Home Ownership: The One Obstacle Many Homebuyers Face

Monopoly houses on top of dollar bills

Home down payment | Christopher Furlong/Getty Images

What is your top financial goal in the next couple of years? Is it buying a new car? Paying for your child’s college education? Many people dream of owning a home and living the American Dream. It’s exciting to imagine the neighborhood you’ll live in and what kind of house you’ll buy. However, your plans may have been put on hold due to difficulty coming up with the down payment. The down payment is often where home ownership plans come to a screeching halt.

A Nerd Wallet study of more than 2,000 U.S. adults found that saving up enough cash to put down on a home is the top obstacle faced among those looking to make a purchase. Another hurdle was affordability. Houses are becoming increasingly unaffordable as home prices continue to rise, and homebuyers are feeling the pinch. The median price of an existing single family home sold in June 2016 was $249,800, up from $240,300 the month before. Rising housing prices can be partly seen in the slight dip in existing home sales, and the home ownership rate is at its lowest level since the 1960s. Both couples and singles dealt with similar challenges when it came to purchasing a home. Here are some of Nerd Wallet’s key study findings.

Key findings

Small wooden house model in hand

House | iStock.com

  • Homebuyers saved an average of $1,078.50 each month for their down payment.
  • It took home owners an average of three years to save enough money for a down payment.
  • Roughly 42% of millennials saved on their own for a down payment while just 29% of millennials were able to do the same.
  • In situations where parents helped children with their down payment, 29% of adults in the Northeast and 17% of adults in the West contributed more of the down payment than their parents.
  • When it came to homeowners who purchased a home with a partner, 11% of women contributed all or more to the down payment than their partner.

Tips for saving for a down payment

Woman looking at change in jar

Woman looking at change | Thinkstock

Decide if it’s the right time to buy

Before you start the process of getting ready to purchase a home, make sure you’re ready. After you’ve saved up your down payment, how much will be left? Will you have enough to cover emergencies? Can you handle the mortgage payments? How much home can you realistically afford? Take the time to think and prepare.

Start early

As soon as you know you’d like to become a home owner and that you are ready to dive in, start saving your cash. It’s best to set up a savings account that is separate from your emergency savings. This way, you won’t be tempted to spend the cash, or accidentally spend your down payment, thinking you have more money than you really do.

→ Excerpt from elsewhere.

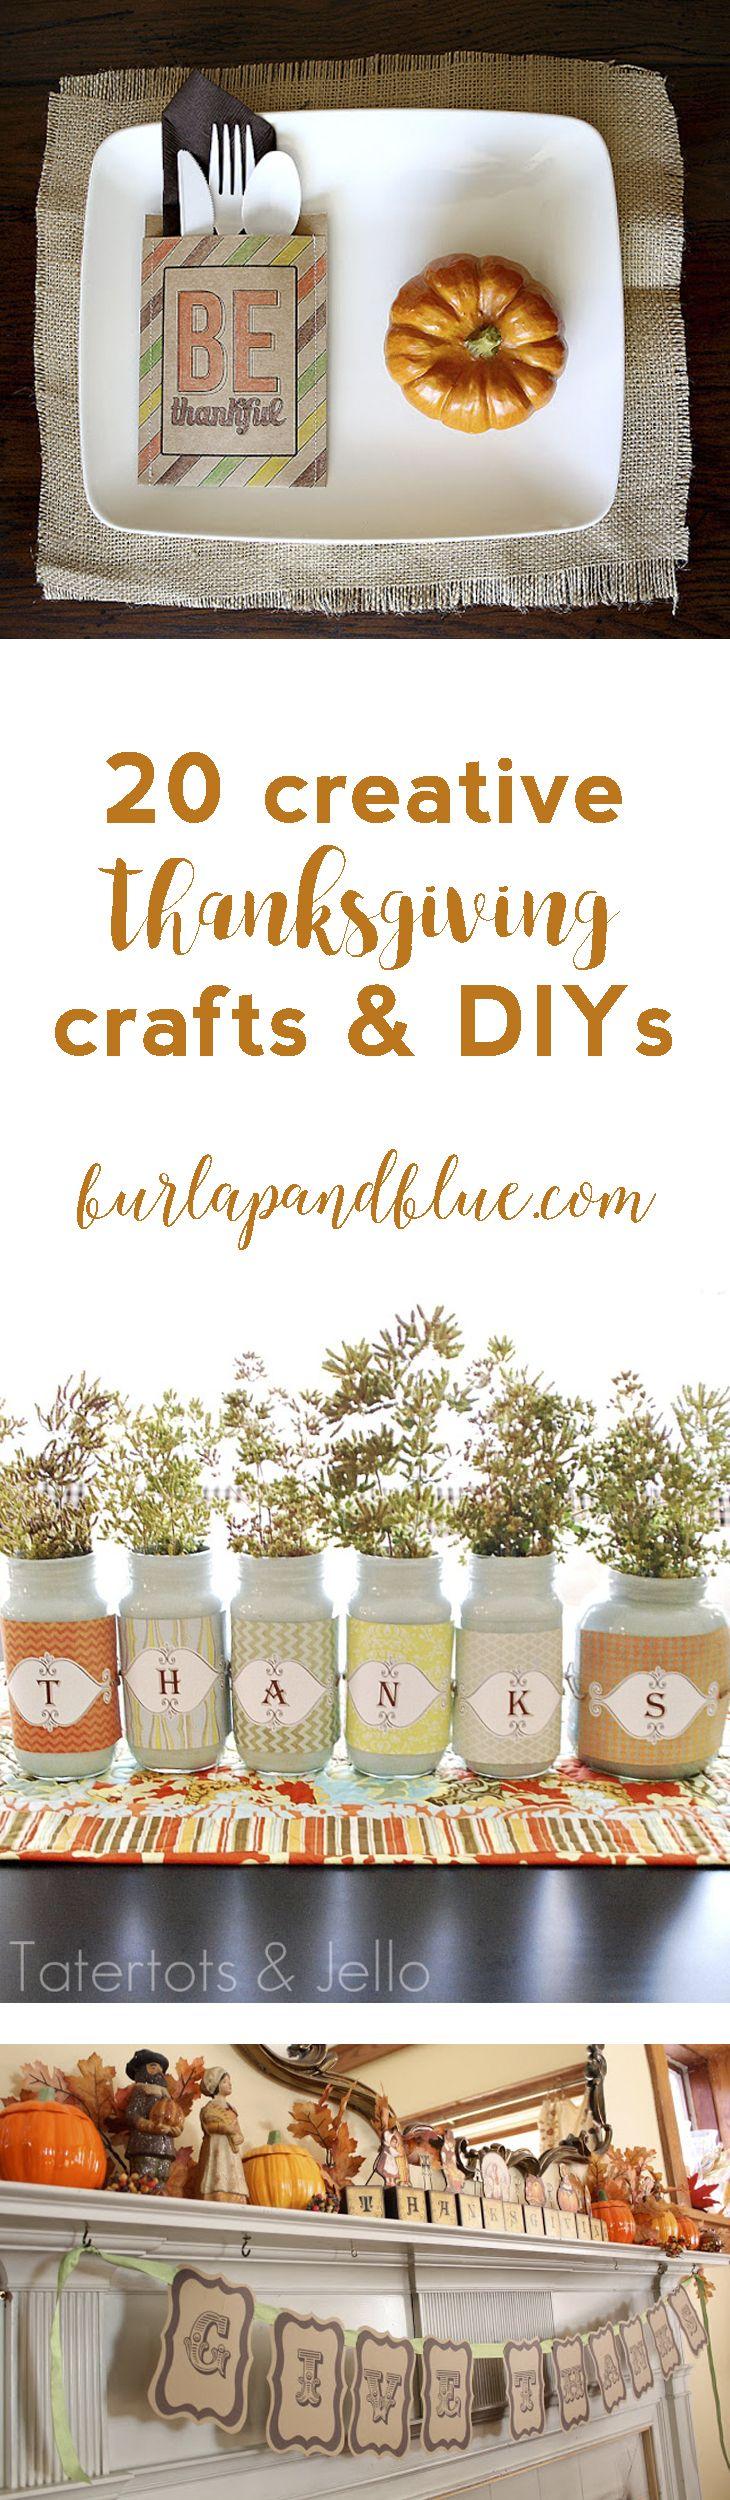 20 creative thanksgiving tutorials and crafts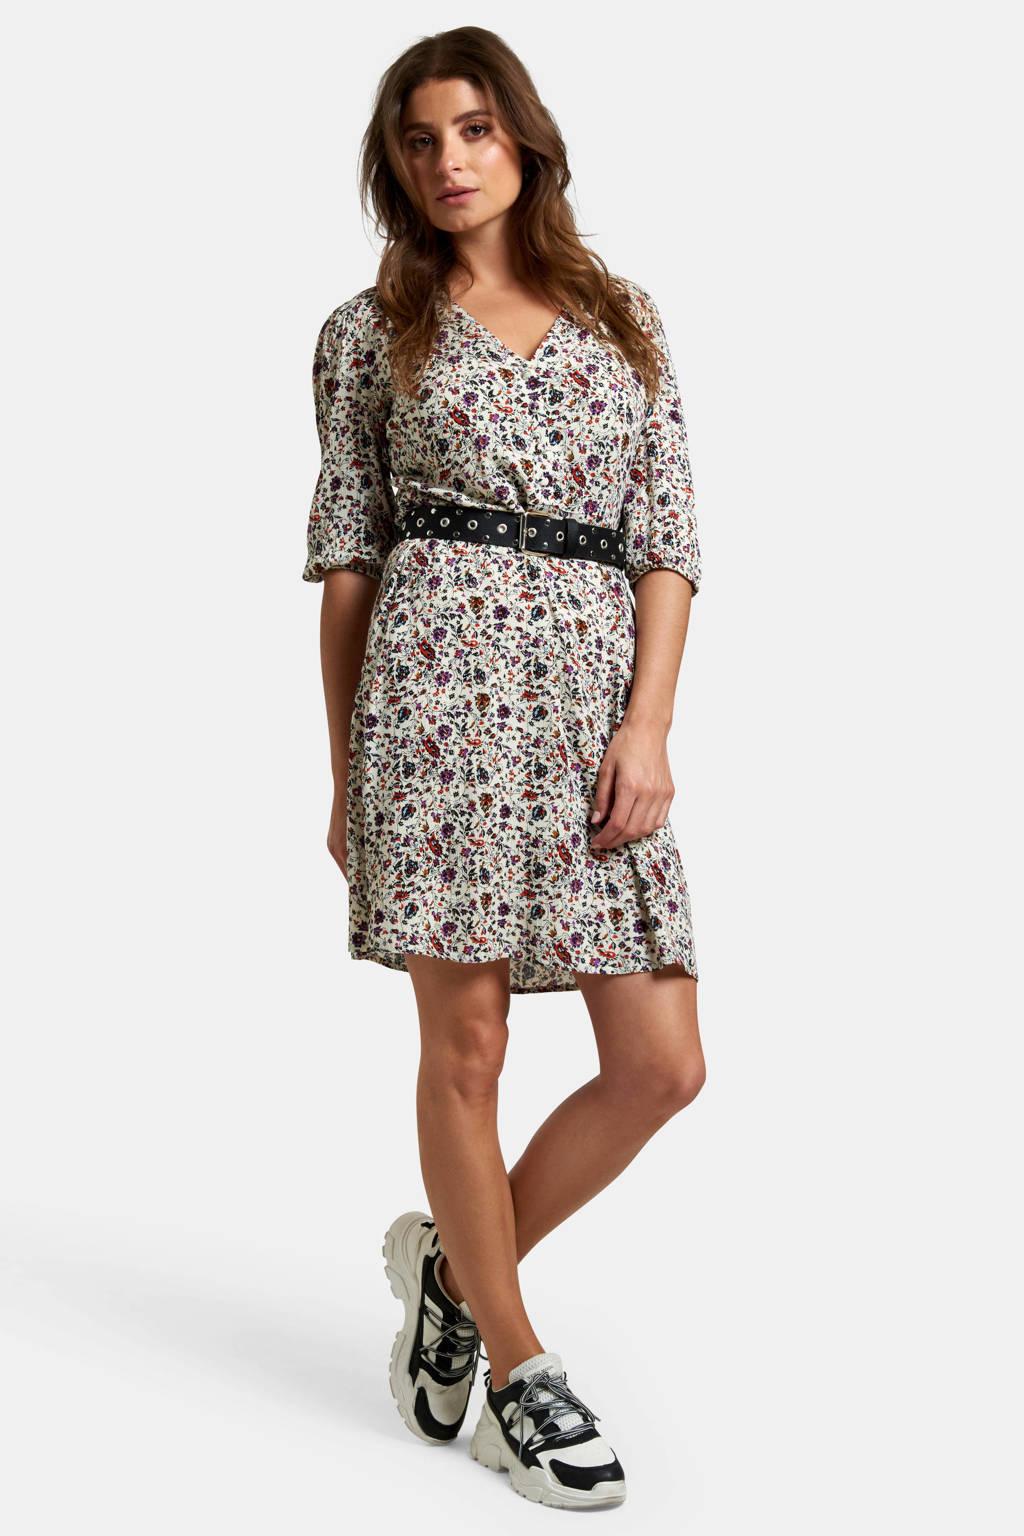 Eksept by Shoeby jurk Julia met all over print wit/rood/paars, Wit/rood/paars

Look for down payment assistance

Home ownership is within your reach. There are plenty of available programs that may be able to help you reach your goal. If you’re a first-time homebuyer you may qualify for down payment assistance. The U.S. Department of Housing and Urban Development has a state-by-state listing of homebuying assistance programs. Note, however, that certain requirements (such as income) must be met in order to qualify. Check out the state listings for more details.